# Given $\sec \theta + \tan \theta = 5$ , Find $\csc \theta + \cot \theta$.

The question is to find the value of $\csc \theta + \cot \theta$ if $\sec \theta + \tan \theta = 5$ . Here is what I did : $\sec \theta + \tan \theta = 5$

$\sec \theta = 5 - \tan \theta$

Squaring both sides , $$\sec^2 \theta = 25 + \tan^2 \theta -10\tan \theta$$ Substituting $1+\tan^2 \theta$ for $\sec^2 \theta$ , $$1+\tan^2 \theta = 25 + \tan^2 \theta -10\tan \theta$$ Thus , $$\tan \theta=24/10$$ So , $\cot \theta = 10/24$ and $\csc \theta=26/24$

Thus $\csc \theta + \cot \theta =3/2$ . But I checked the answer sheet and the answer is not 3/2 but $(3+\sqrt5 )/2$ . Where have I went wrong ? Please help.

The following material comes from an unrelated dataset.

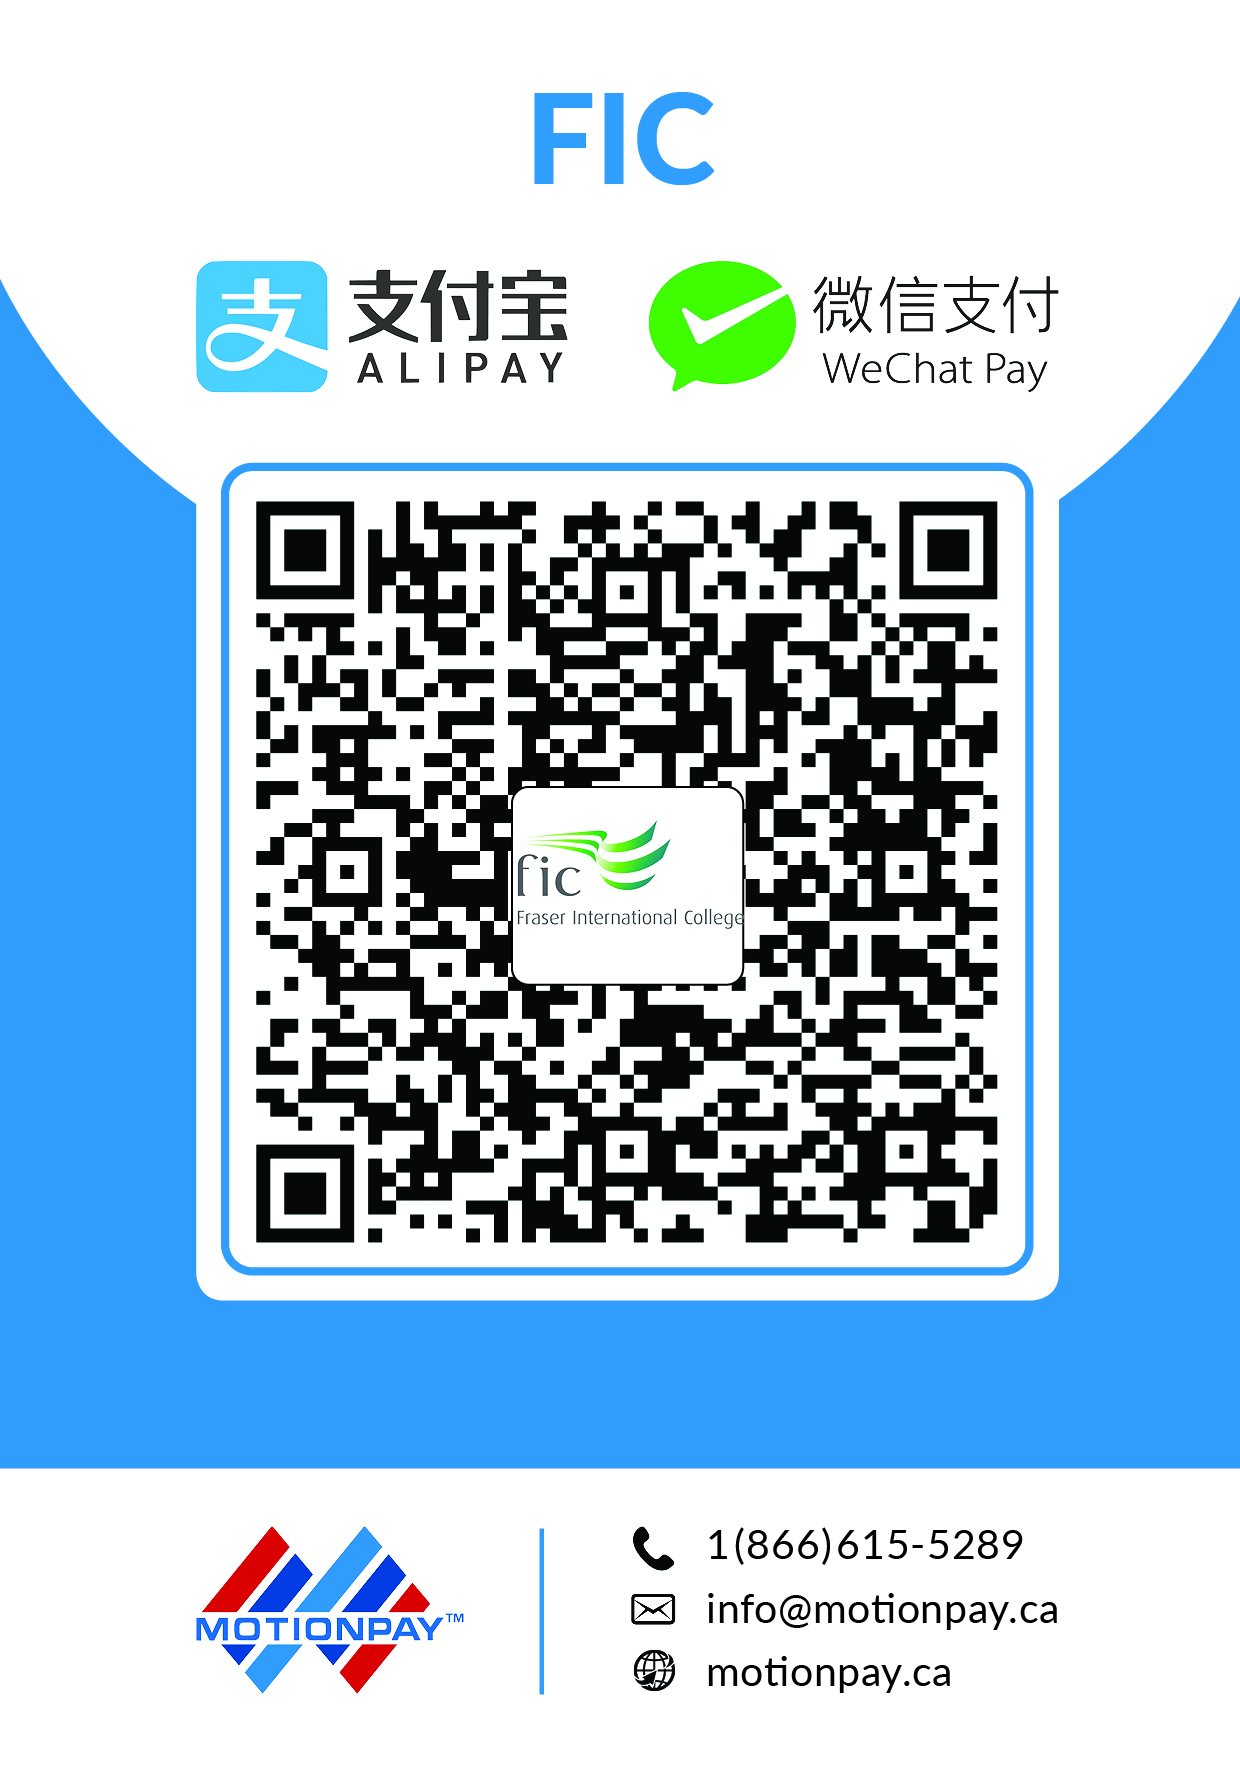 Fraser International College-Alipay& WeChat

• You went wrong trusting the answer sheet. Your answer is correct. Aug 10 '13 at 17:49
• Indeed; if you happened to see it, please disregard my previous erroneous comment. Everything looks good here. Aug 10 '13 at 17:50
• Is that really the case ? I'm surprised because the answer sheet is hardly wrong . Is there any online resource I can use to validate answers to questions like this ? Aug 10 '13 at 17:53
• Or this followe by this (42 is arbitrary). Aug 10 '13 at 18:05
• Don't delete the question---it's fine! However, 10/24 looks better as 5/12, etc. Aug 10 '13 at 18:09

Here is a simpler solution to this problem:

$$\left(\sec(\theta)+\tan(\theta) \right)\left(\sec(\theta)-\tan(\theta) \right)=\sec^2(\theta)-\tan^2(\theta)=1$$

Since $\sec(\theta)+\tan(\theta)=5$ you get $\sec(\theta)-\tan(\theta)=\frac{1}{5}$.

Adding and subtracting these two relations you get

$$2\sec(\theta)=5+\frac15=\frac{26}{5} \,;\, 2\tan(\theta)=5-\frac15=\frac{24}{5}$$

Thus $\tan(\theta)=\frac{24}{10}$ and $$\sin(\theta)=\frac{\tan(\theta)}{\sec(\theta)}=\frac{24}{26} \,.$$

As noted in the comments, you are correct, and the answer key is wrong here.

In cases like these, it's sometimes helpful to check to make sure that you didn't make a mistake in reading the question.

The problem is that the methods you have give all ok so long it works but nothing if it fails.

When in doubt it is better to check with nearby approximate solutions learning to guide/trust yourself.

Say even if you took very approximately 60 degrees as solution and calculated $sec (\theta) + tan(\theta)$ it will be nearer to what you got than the way off value provided by key!